A suggestion that Fanny was pregnant by Joseph surfaced in an 1886 anti-Mormon book with a claim that Emma "drove" Fanny out of the house

The first mention of a pregnancy for Fanny is in an 1886 anti-Mormon work, citing Chauncey Webb, with whom Fanny reportedly lived after leaving the Smith home.[1] Webb claimed that Emma "drove" Fanny from the house because she "was unable to conceal the consequences of her celestial relation with the prophet." If Fanny was pregnant, it is curious that no one else remarked upon it at the time, though it is possible that the close quarters of a nineteenth-century household provided Emma with clues. If Fanny was pregnant by Joseph, the child never went to term, died young, or was raised under a different name.
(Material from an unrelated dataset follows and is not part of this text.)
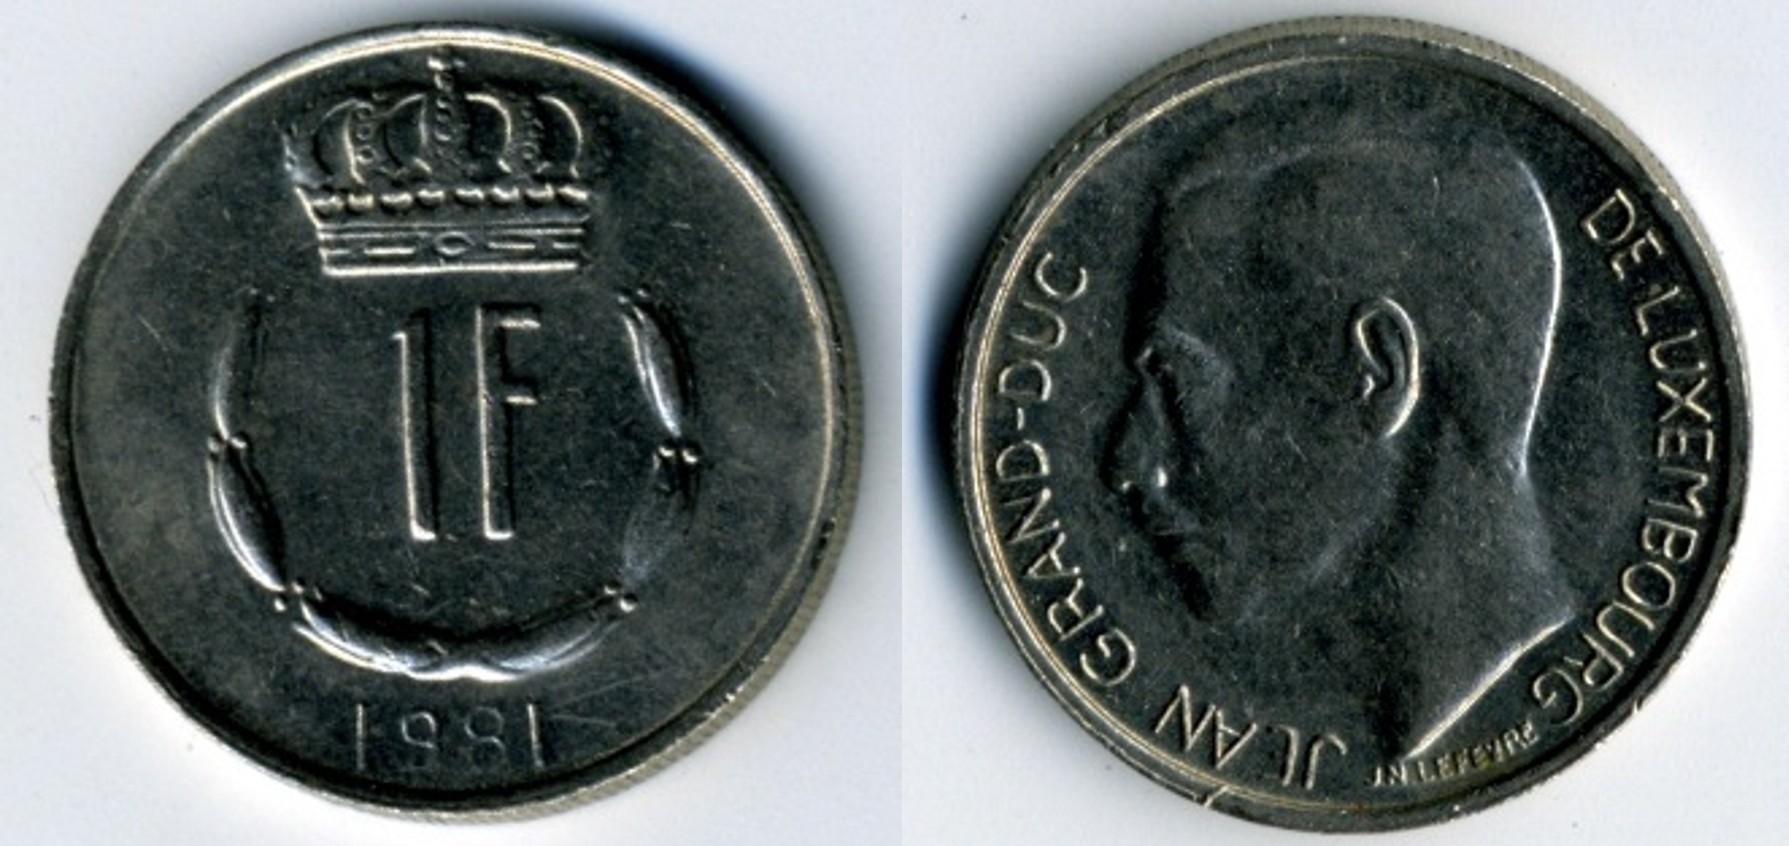 Luxembourg Franc Wikipedia
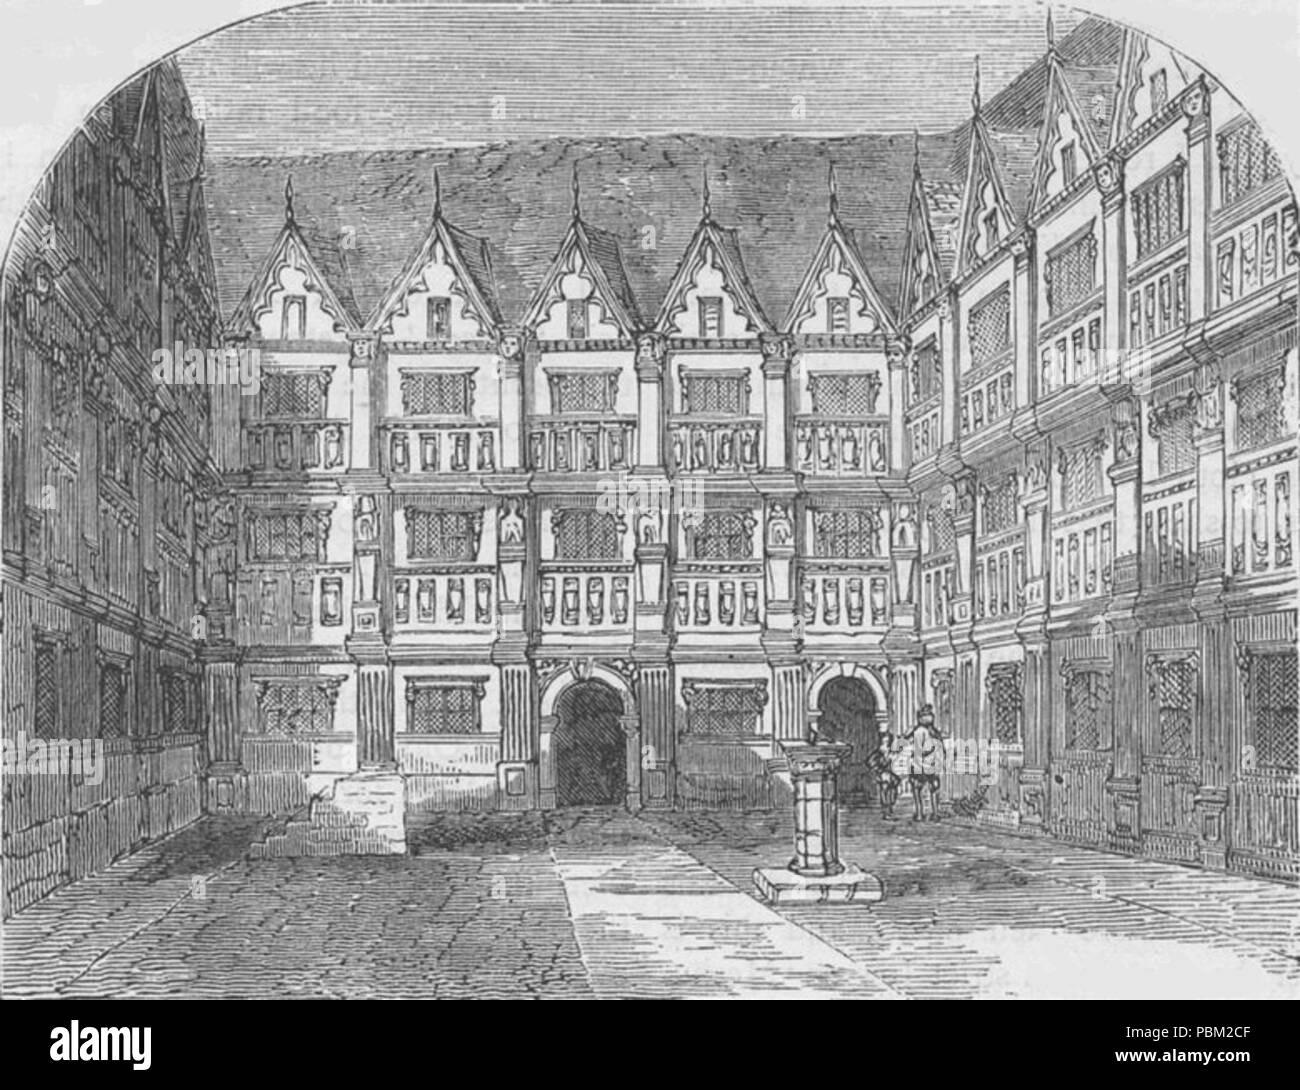 772 House of Sir Thomas Gresham in Bishopsgate Street - Stock Image

Fawn Brodie claimed that Fanny's son Orrison was the son of Joseph Smith, but this was disproven by DNA research

Fawn Brodie, in her critical work No Man Knows My History: The Life of Joseph Smith, claimed that “there is some evidence that Fannie Alger bore Joseph a child in Kirtland.”[2] However, DNA research in 2005 confirmed Fanny Alger’s son Orrison Smith is not the son of Joseph Smith, Jr.[3]


Notes

  1. Wilhelm Wyl, Mormon Portraits Volume First: Joseph Smith the Prophet, His Family and Friends (Salt Lake City: Tribune Printing and Publishing Co., 1886), 57. Ann Eliza Young, Wife No. 19, or the Story of a Life in Bondage, Being a Complete Exposé of Mormonism, and Revealing the Sorrows, Sacrifices and Sufferings of Women in Polygamy (Hartford, Conn.: Custin, Gilman & Company, 1876), 66–67. Discussed in Bachman, "Mormon Practice of Polygamy," 140. Also in Compton, In Sacred Loneliness, 34–35.
  2. Fawn Brodie, No Man Knows My History.
  3. Ugo A. Perego, Natalie M. Myers, and Scott R. Woodward, “Reconstructing the Y-Chromosome of Joseph Smith Jr.: Genealogical Applications, Journal of Mormon History Vol. 32, No. 2 (Summer 2005) 70-88.